Dr. Steven Gable, Associate Professor of Philosophy (program chair)
Dr. Minerva San Juan, Associate Professor of Philosophy


Philosophy explores the ideas, values, principles, and arguments through which we shape our lives and our learning. The study of philosophy engages students in living the examined life and in developing intellectual abilities important for life as a whole beyond the knowledge and skills required for any particular profession. It supports graduate studies in philosophy as well as certain professions, like law, the ministry, and government service; and it complements other interests, such as literature, political science, sociology, and education. It develops analytical, critical, and interpretive capacities needed to pursue other disciplines and to engage with life in general. It develops discipline and motivation to confront problems for which there are no easy answers. A strong education in philosophy thus enhances the human capacity to respond wisely and prudently to the challenges of personal, professional, and public life.

Trinity’s mission as a Catholic university committed to the empowerment of women and to the advancement of social justice calls for an in-depth analysis of the ways in which philosophical ideas both contribute to and militate against the human flourishing of people of all genders, races, classes, and ethnic groups. The Program offers the opportunity for such analysis.

The Program in Philosophy supports Trinity’s general education curriculum by its emphasis on the interdisciplinary nature of human knowledge. The courses offered all emphasize the foundational assumptions of the traditional disciplines and examine the ways in which these assumptions are interrelated. The program also offers internships and practica that range from experiential learning opportunities with migrant workers in Apopka, advocacy for patient autonomy at St.
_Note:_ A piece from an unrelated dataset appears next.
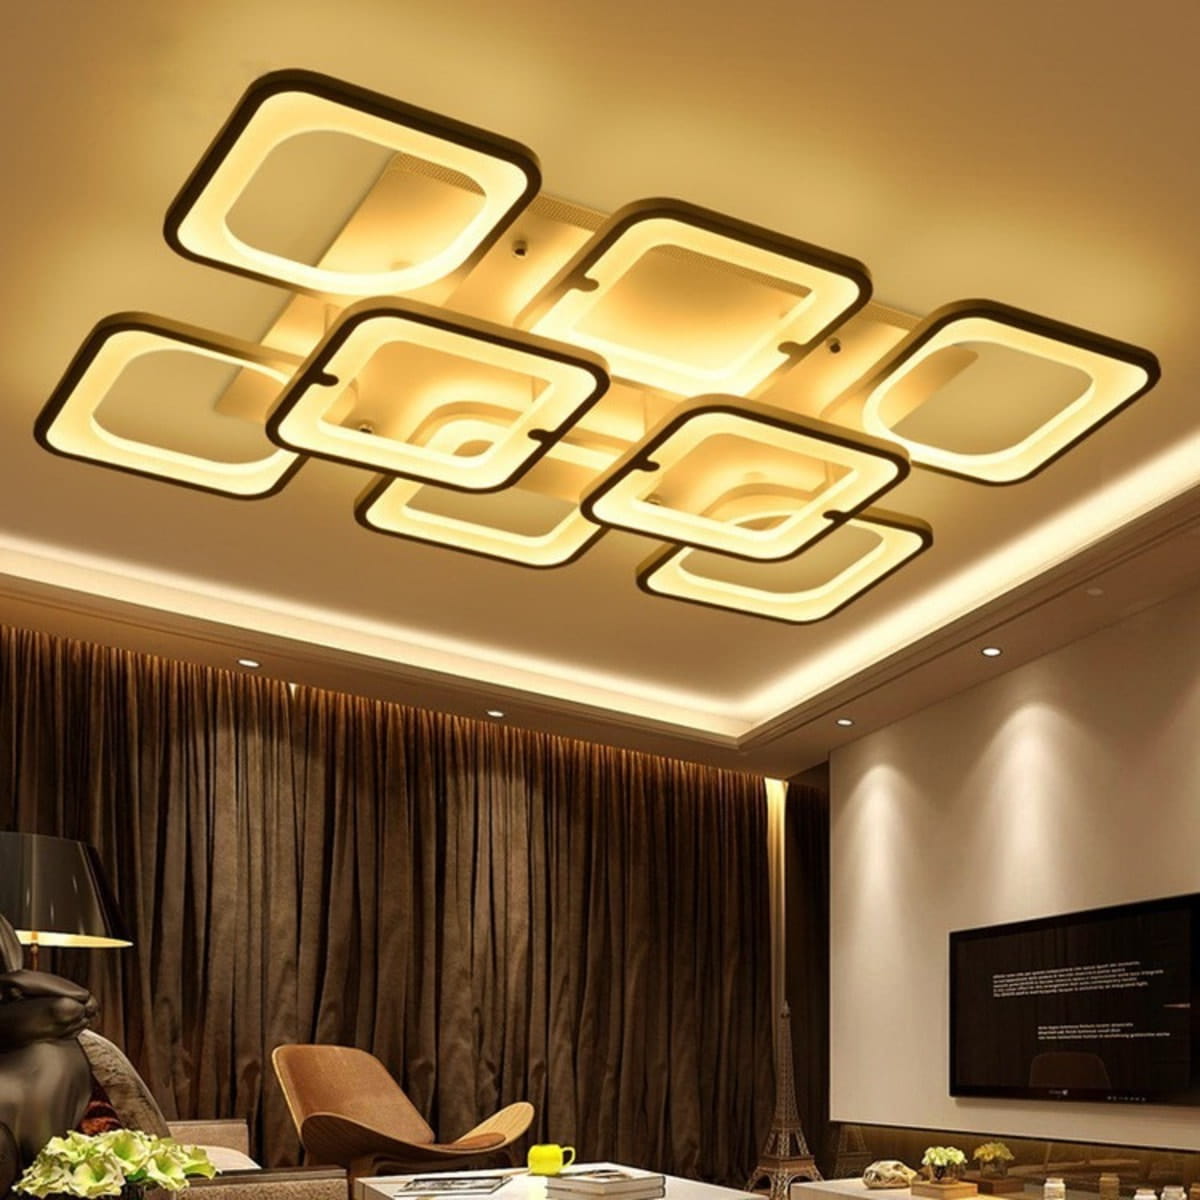 Đèn LED có khả năng tạo ra ánh sáng mềm mại, tạo điểm nhấn cho không gian, tiết kiệm năng lượng và chi phí sử dụng

Elizabeth’s, implementation of subject-protection guidelines at the National Institutes of Health, and work with various area hospitals’ ethics committee.

The Philosophy Program offers a minor in the College of Arts and Sciences; students interested in pursuing an individualized minor in bioethics should consult the Program Chair. The Program also supports all the College’s majors and allows for students to construct an individualized or interdisciplinary major.

Minor Requirements

The minor requirement in philosophy requires the completion of 21 credits selected from program offerings in consultation with the Philosophy Program Chair and the student’s faculty advisor. In addition to a minor in philosophy, students may select program offerings to construct minors in areas of individual interest; possible minors include bioethics.
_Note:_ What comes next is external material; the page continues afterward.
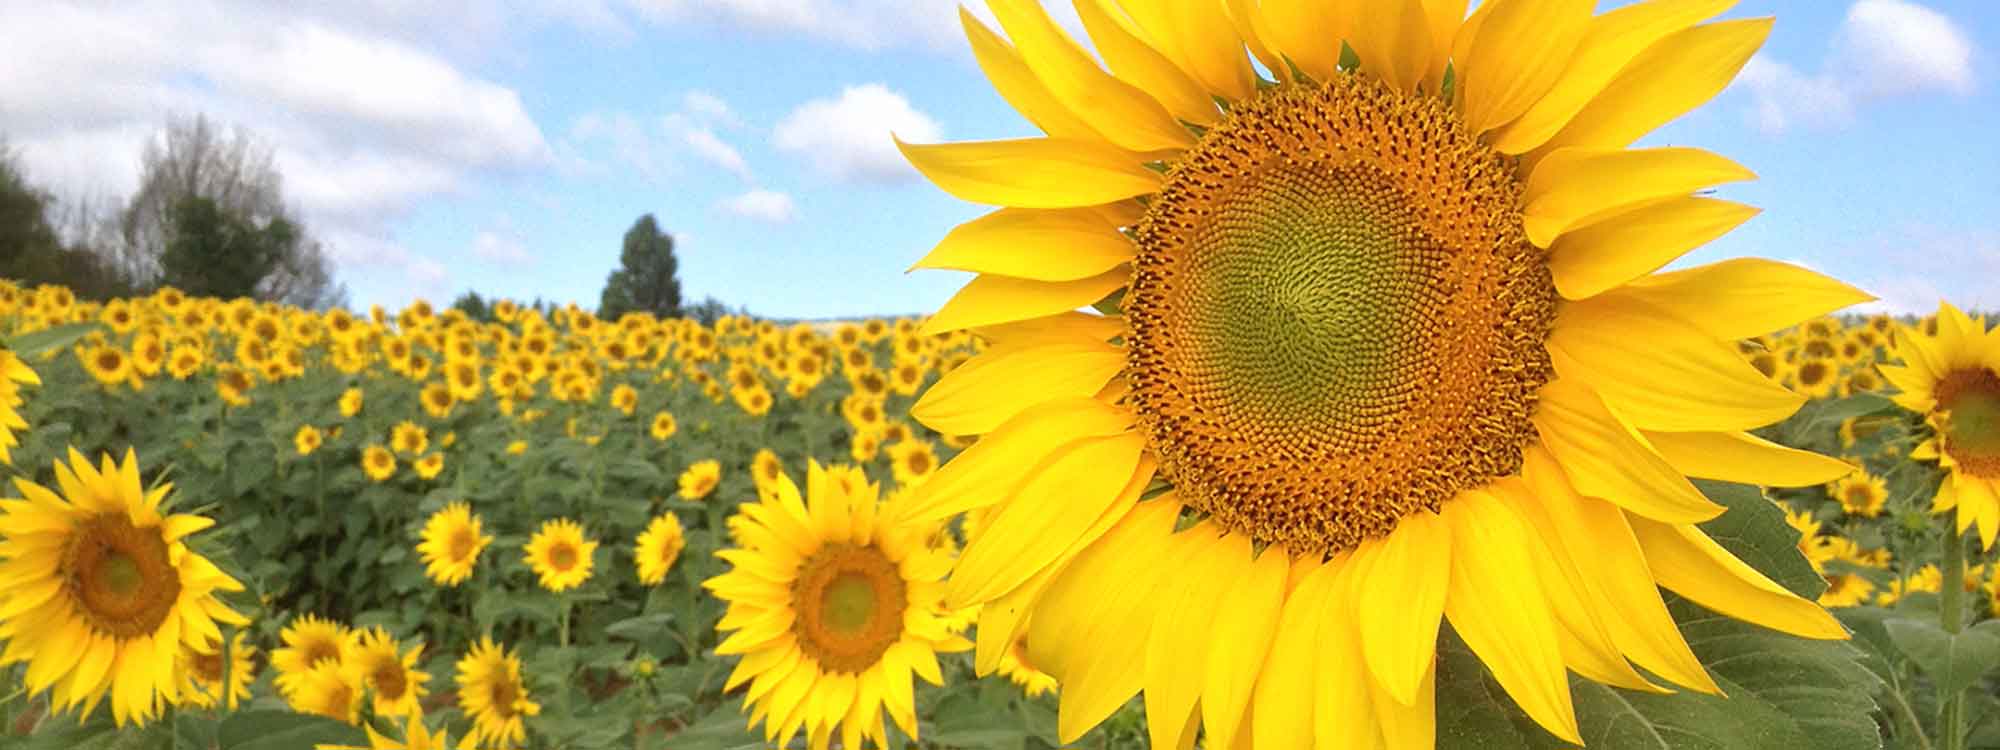 2020_Top-Slideshow-Sunflowers

Required Courses (21 credits)

ONE course chosen from between:

PHIL 103 Reasoning and Argumentation
PHIL 105 Introduction to Propositional Logic

TWO courses chosen from:

PHIL 211 Ancient Philosophy
PHIL 215 Modern Philosophy
PHIL 225 Islamic Philosophy

ONE course chosen from :

PHIL 241 Introduction to Theoretical Ethics
PHIL 245 Ethics I

ONE course:

PHIL 341 Moral Psychology

ONE course chosen from:

PHIL 361 Readings in the Theory of Knowledge
PHIL 365 Readings in the Philosophy of Science

ONE seminar chosen from:

PHIL 345 Ethics II
PHIL 465 Seminar on Dissent
PHIL 455 Seminar in Existentialism
PHIL 449 Seminar in Ethics

Recommended Courses

POLS 201 Civil Rights and Liberties
POLS 353 Modern Political Thought
SOCY 421 Sociological Theory
HIS 326 History of Science: Mapping the Known Universe
HIS 328 Darwin and Darwinism: Race, Gender, and Power
HIS 363 Enlightenment and the French Revolution
HIS 390 Close Encounters: Christianity, Islam, and Judaism in the /Middle Ages

Program Policies

Advanced Placement:
Three credits granted for a score of 4 or 5 on the AP examination in logic in fulfillment of the 100-level minor requirement.

CLEP Policy:
Credits earned through CLEP examinations do not fulfill requirements of the philosophy minor.

Grades in Minor Courses:
Students are required to earn a grade of “C” (2.0) or better in all courses counted to fulfill requirements for the minor.

Pass/No Pass:
With the exception of practica and internships, courses fulfilling minor requirements may not be taken pass/no pass.

Senior Assessment:
All students in any of the minors offered in the Philosophy Program are required to take a capstone seminar that will include a comprehensive assessment.

Study Abroad:
Students may meet minor requirements with courses taken during their study abroad.

TELL Policy:
The Philosophy Program supports and encourages the College’s TELL Policy. Students applying for experiential learning credits should consult with the program faculty.

Transfer Credits:
Transfer credit from appropriately accredited institutions of higher learning may be counted for minor requirements, dependent on program review and approval. Associations recognized by the United States Department of Education (USDE) and the Commission on Higher Education (CHEA) confer appropriate accreditation; these associations include but are not limited to regional accreditors.